Which IFPs are potentially unreliable?

If we consider IFPs identified with both transformed and untransformed scores, there are 32 potentially unreliable IFPs: 1318-2, 1347-2, 1159-0, 1220-0, 1315-2, 1310-0, 1300-6, 1340-0, 1350-0, 1234-2, 1369-2, 1357-0, 1277-2, 1243-6, 1359-6, 1319-0, 1256-6, 1396-6, 1269-1, 1275-2, 1268-6, 1321-0, 1216-0, 1341-0, 1267-0, 1308-6, 1261-6, 1251-0, 1311-6, 1388-6, 1222-6, 1304-2.

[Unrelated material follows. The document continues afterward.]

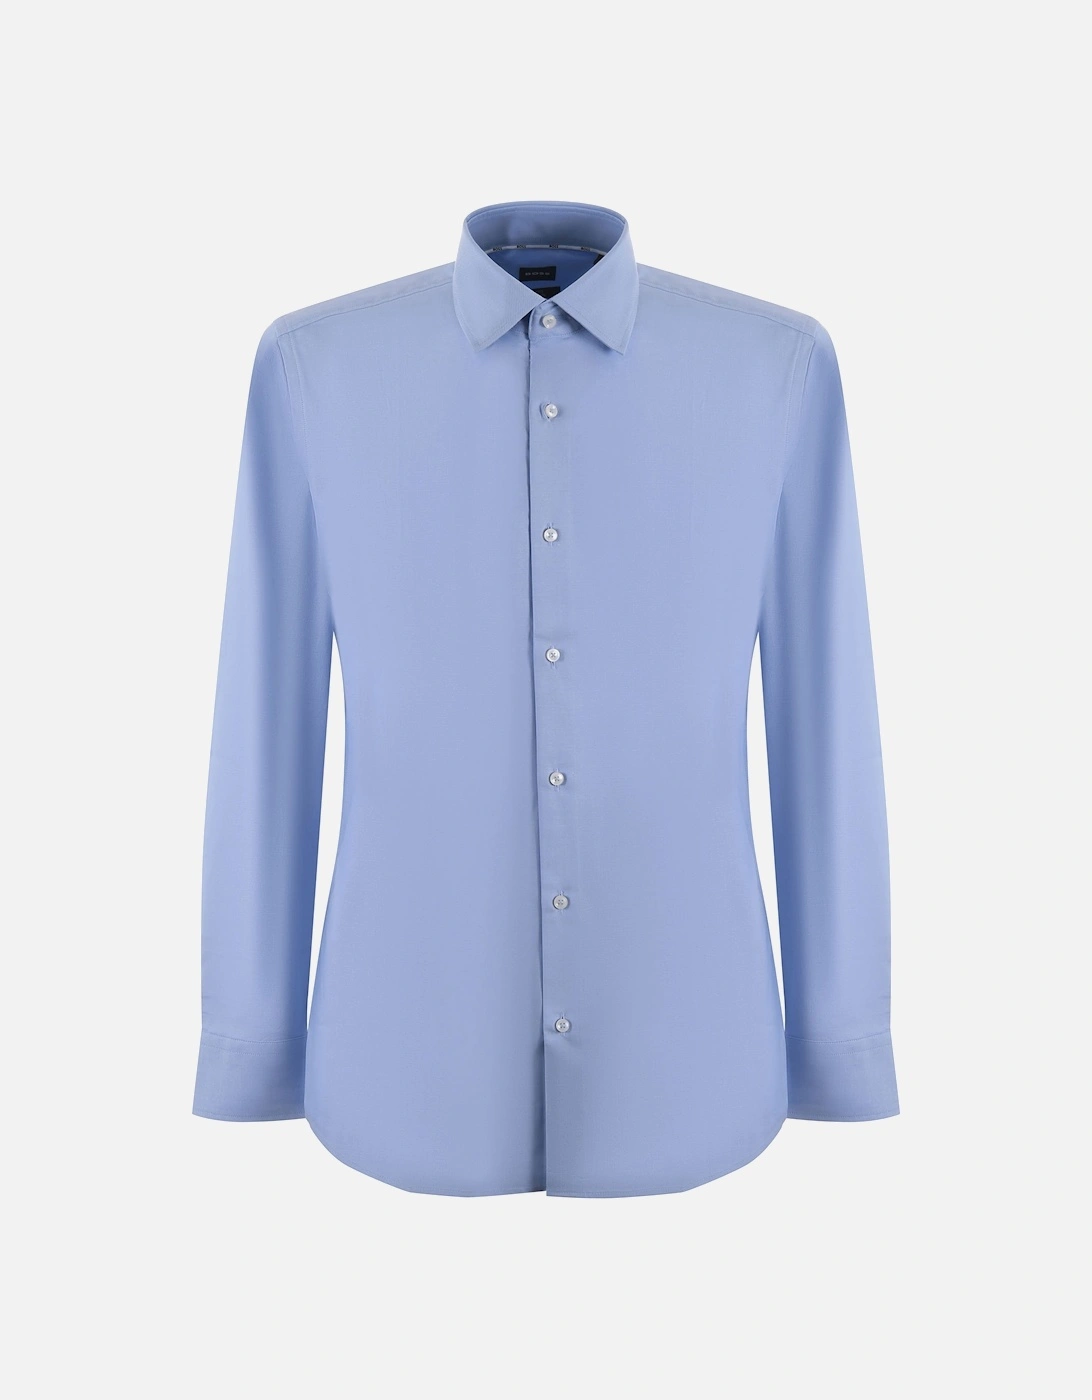 Boss H-hank-kent-c6-242 Long Sleeved Shirt Light Pastel Blue, 4 of 3

plot of chunk unnamed-chunk-5

What does it mean?

Looking at the reliability measures overall, we see that alpha and item-total correlation are highly interralted with Brier scores. This underscores the importance and difficulty of isolating questions that are truly unreliable and not simply difficult.

In the plots below:

  • Blue points are considered reliable by both methods
  • Green points are unreliable with logit transformed scores
  • Red points are unreliable in both calculations

Using Untransformed Scores: plot of chunk unnamed-chunk-6

With Logit Transformed Scores: plot of chunk unnamed-chunk-7 *(All P-Values are well below .001)

What Should We Do?

It seems unnecessarily risky to disregard all of our worst-scoring IFPs when ranking participants. In so doing, we could potentially be assigning too much weight, or rewarding people, for overly-aggressive strategies. As I mentioned, Brier scores are intended to magnify the mistakes inherent in taking risks, and to ignore them is to manipulate the scoring method itself.